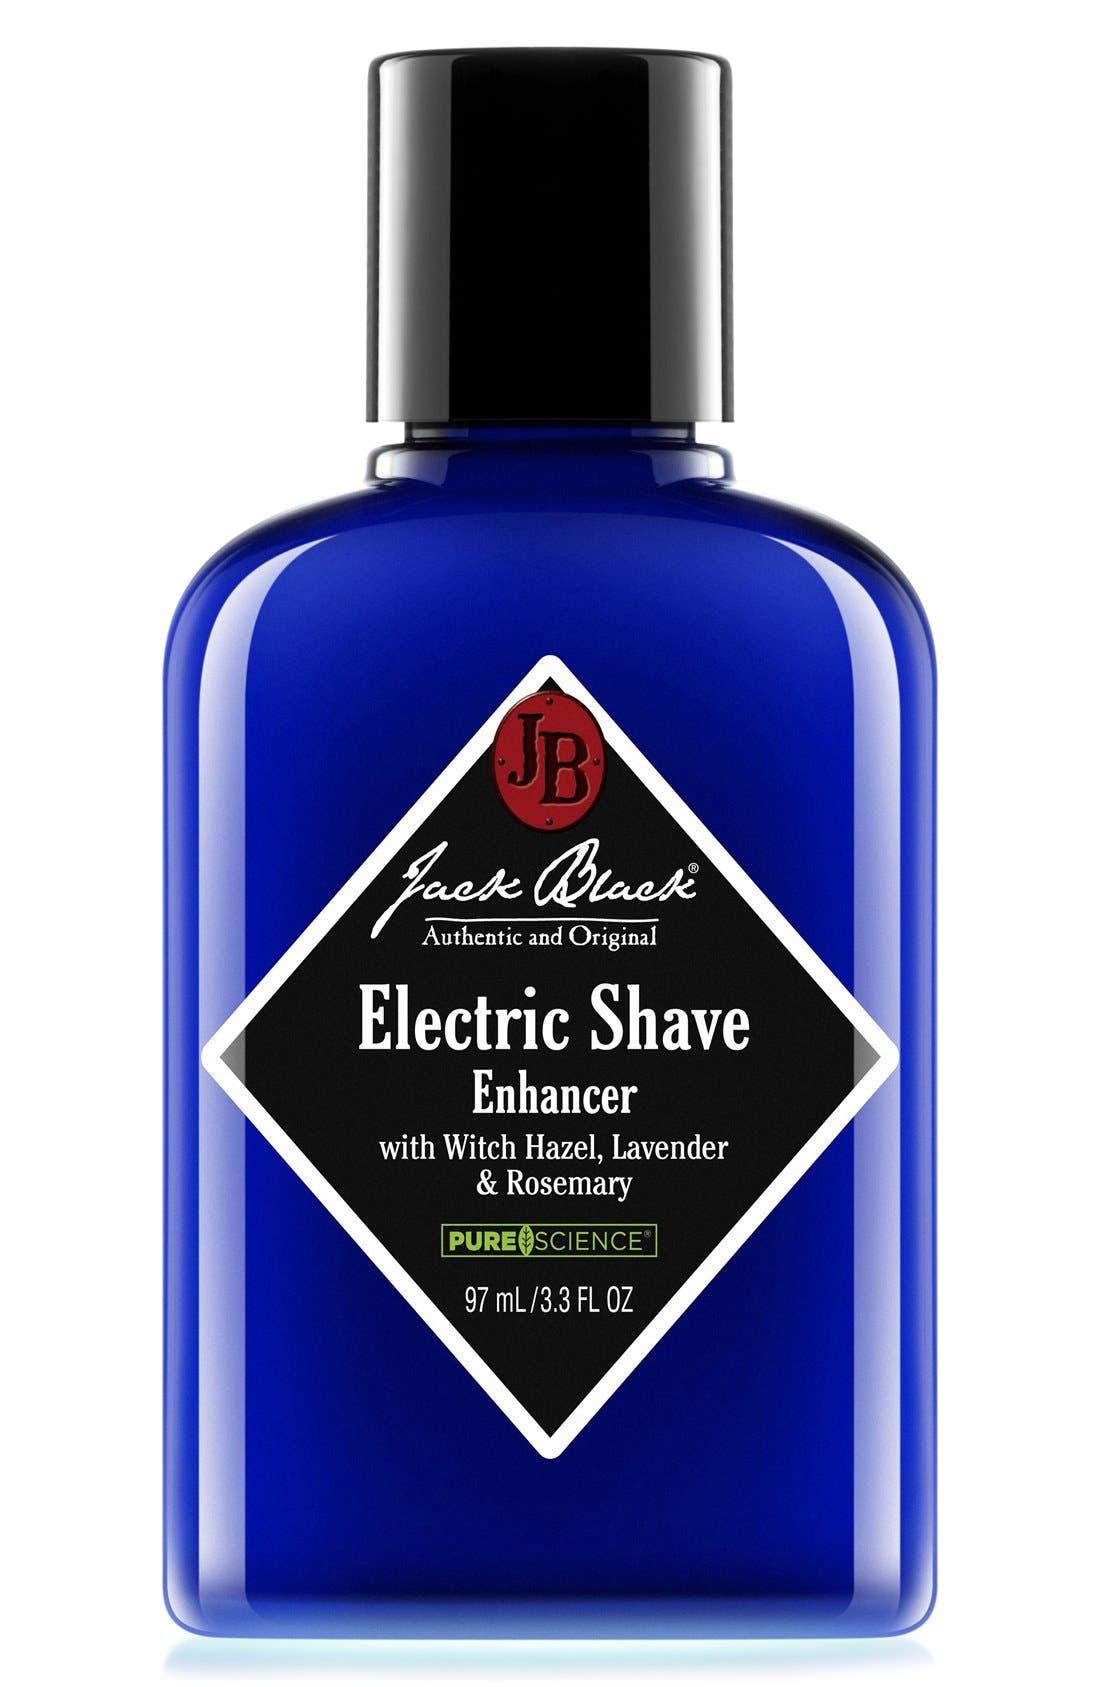 Jack Black Electric Shave Enhancer with Witch Hazel, Lavender & Rosemary
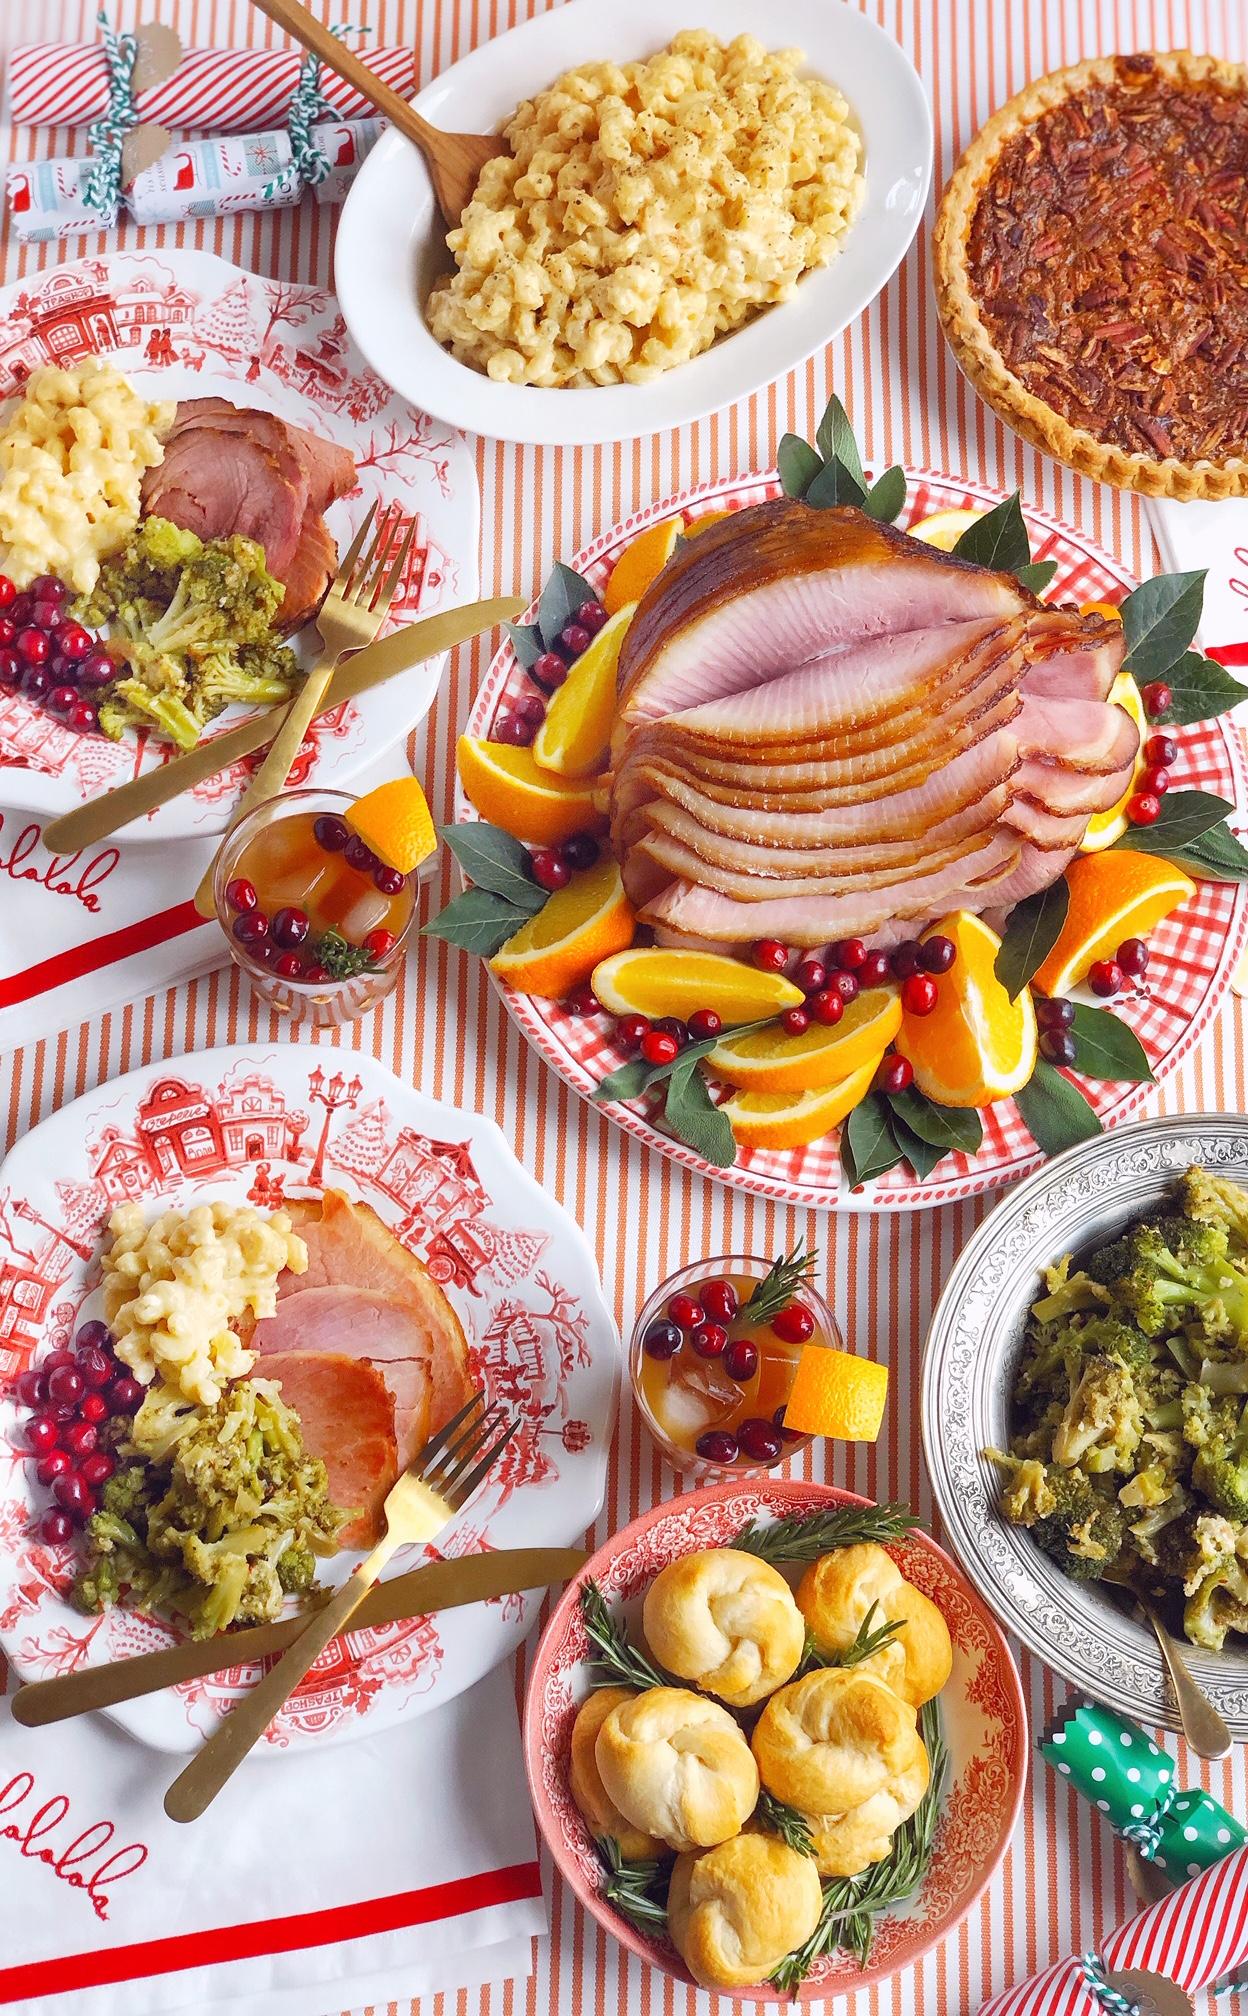 Honey Baked Ham Christmas Dinners For 2020 A Simple Christmas Dinner Menu.   DomestikatedLife
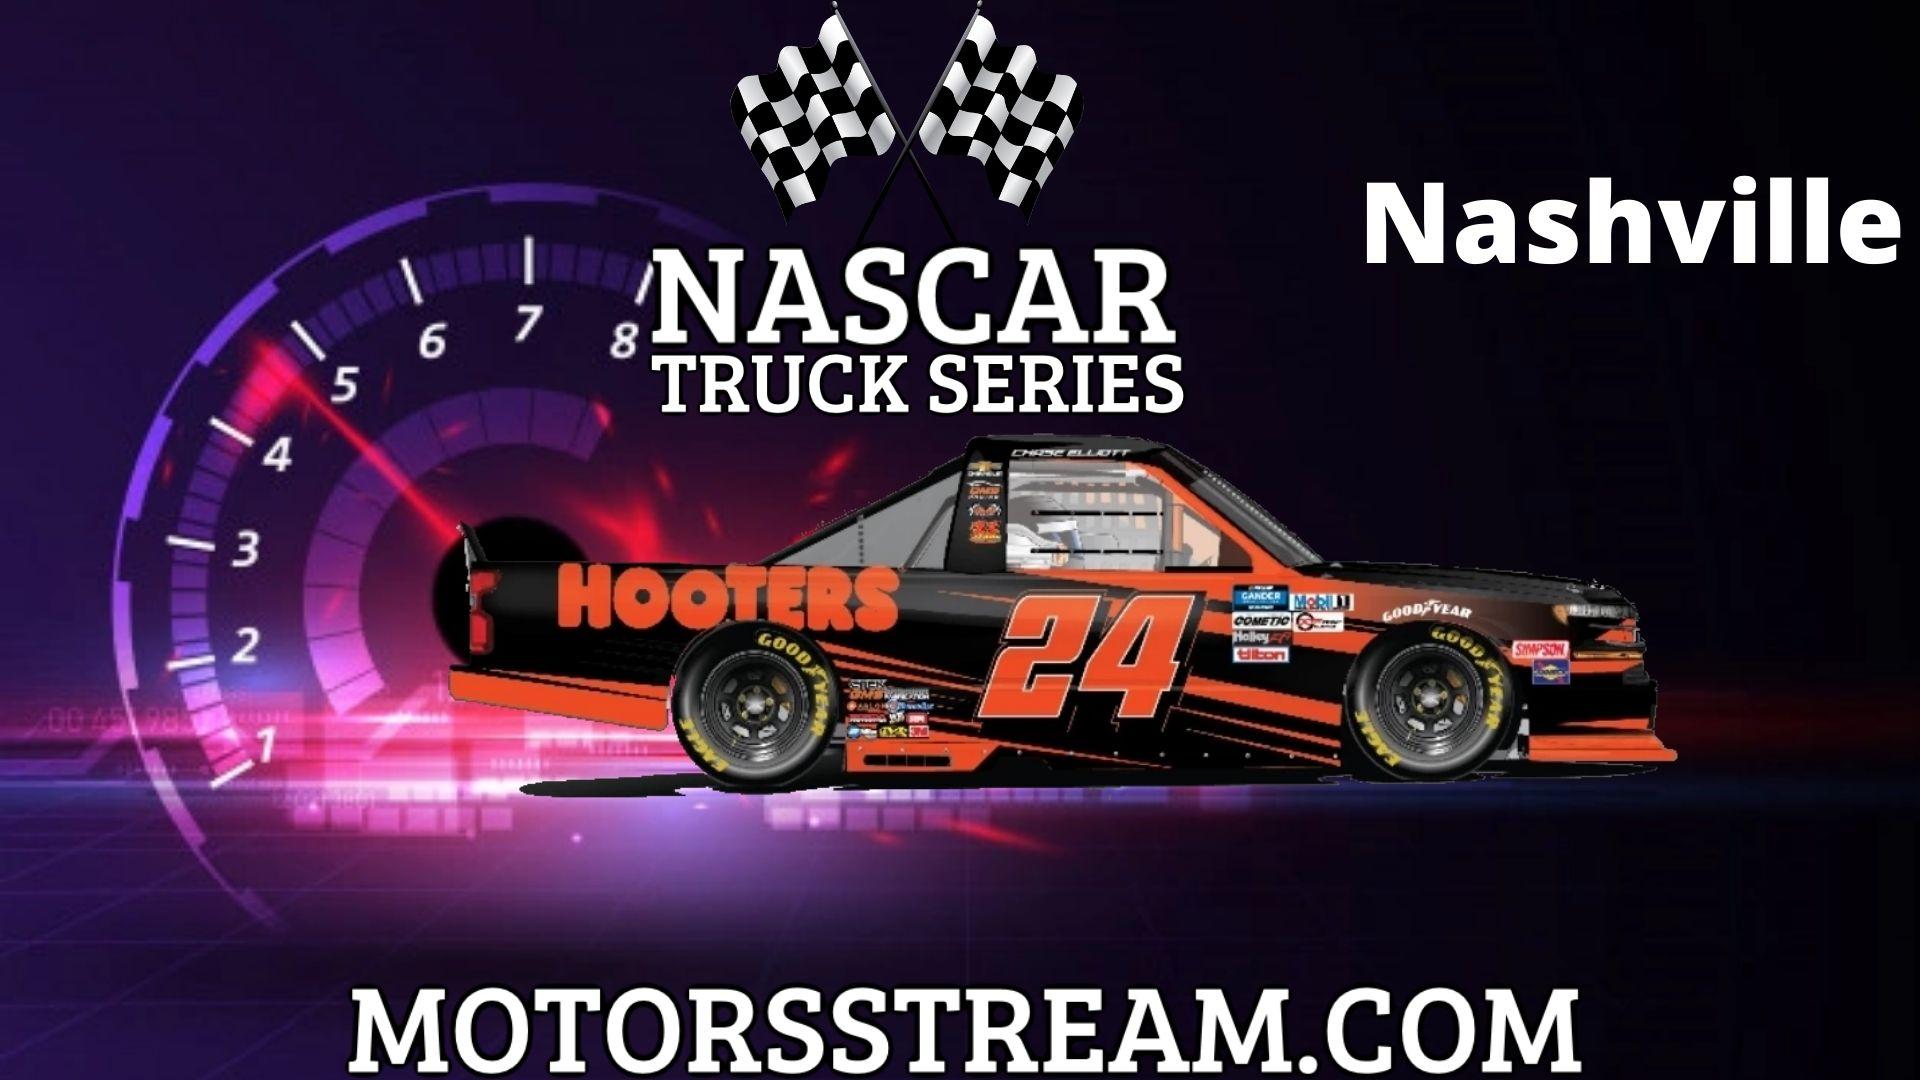 NASCAR Camping World Truck Series at Nashville Live Stream

> Activity
All of the data above needs to be given again exactly. Leave out each image.

> Written solution
 Jack Black Electric Shave Enhancer with Witch Hazel, Lavender & Rosemary
 Honey Baked Ham Christmas Dinners For 2020 A Simple Christmas Dinner Menu.   DomestikatedLife
 NASCAR Camping World Truck Series at Nashville Live Stream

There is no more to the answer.